19 Nisan 2013 Cuma

NE İZLESEK BU HAFTA?

NE İZLESEK?
Ben geçen hafta sonu Oblivion adlı filmi izledim,
bilim  kurgu tarzında bir film, baş rolde Tom Cruise var.
MOrgan Freeman, Olga Krylenko da var filmde.

Tom Cruise bu filmde bir teknisyeni canlandırıyo, insansız hava araçlarını kumanda eden, onaran bir teknisyen...Dünyada insan ırkı adına çok az insan var, Scav diye bir tehlike, bir düşman var üstelik. Dünyada yaşanacak yer kalmamış pek...izlerken hüzün veren görüntüler, çok gerçekçi manzaralar...


Jack-Tom görevini bitirmek üzeredir ki birden işler renk değiştirir...
Bu filmi izlemenizi öneririm, Dünyanın gelecekte olabileceği hali belki de budur...böyle giderse yani:((
10 üstünden 8 derim ben, nacizane görüşüm budur.
Oblivion filmi:  bakış açısı olarak Ada-The Island- filmine de benziyor, senaryo çok yakın geldi bana.


Gerçi eskidi Ada...üstünden yıllar geçti belki ama ben hala unutmuş değilim ki Ada filmini önermiştim önceki yazılarımdan birinde. Scarlett Johanson, Evan  McGREGOR  ve Mıchael Clarke Duncan gibi oyuncuların yer aldığı o film de izlenmeye değerdi.

Sizlerin bu sıralar önerdiği filmler var mı?
*Mesela Kelebeğin Rüyası filmi? nasıl acaba...
-gitmek gelmedi içimden bu filme nedense, çok konuşulup çok eskitildiği için olabilir...

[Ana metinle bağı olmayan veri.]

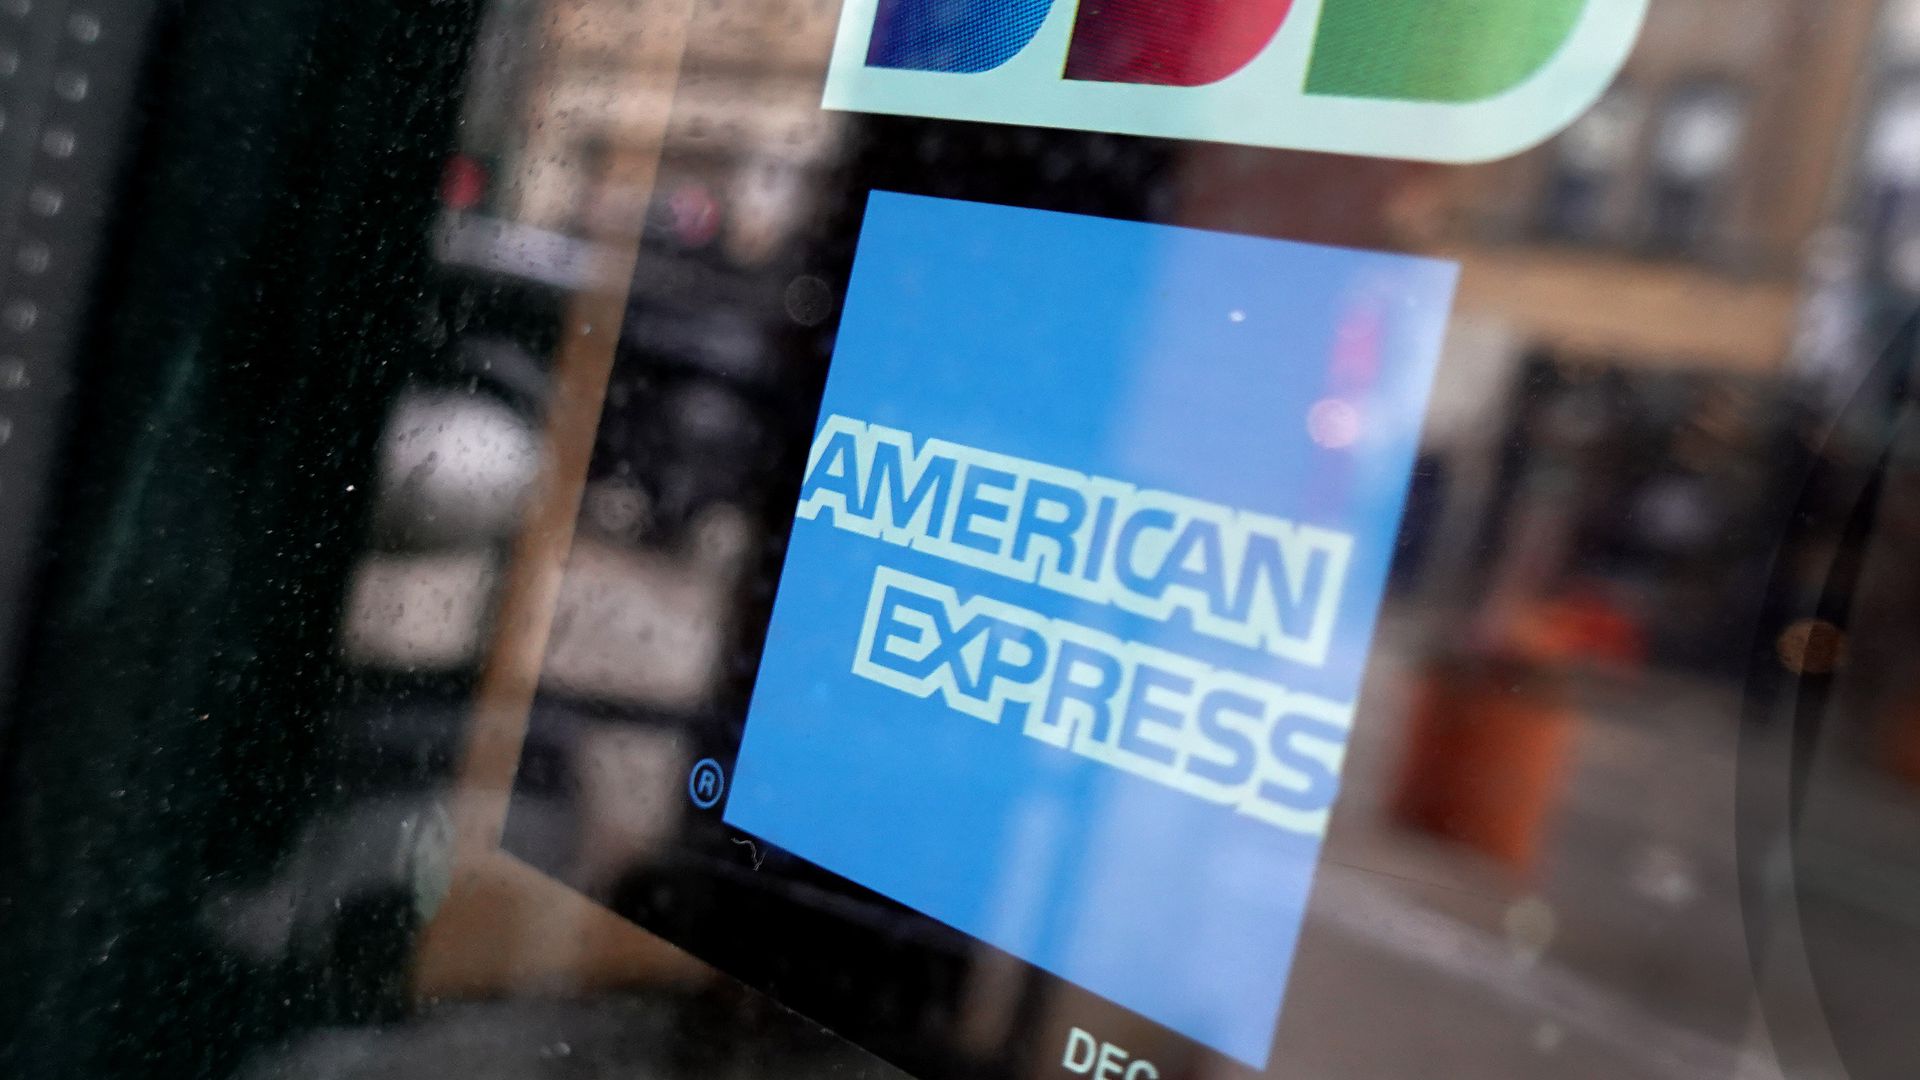 Công ty American Express của Mỹ đã được chấp thuận triển khai dịch vụ thanh toán thẻ ngân hàng ở Trung Quốc đại lục.

*"Selam"  filmini izleyen bir yakınımdan beğenilerini dinledim, duygusal bir film diye okudum. İzlemiş değilim.
İşte benden size bugünlük de bu kadar değerli okurlarım.

***Jim Carey ve Kate Winslet'ten Sil Baştan filmini de DVD olarak izleyebilirsiniz, sinemalarda oynanalı yıllar oldu netekim:) Unutmanın ne kadar değerli olduğunu, unutmamanın acı verişini anlatan bir romantik filmdir kendileri...



*Bugünlük de bu kadaar canlarım.
Görüşmek üzere. Orta Avrupa fotoğraflarımı  paylaşmadığım hatırlatıldı, ilk fırsatta diyorum, yorum gönderenlere ayrıca teşekkür ediyorum.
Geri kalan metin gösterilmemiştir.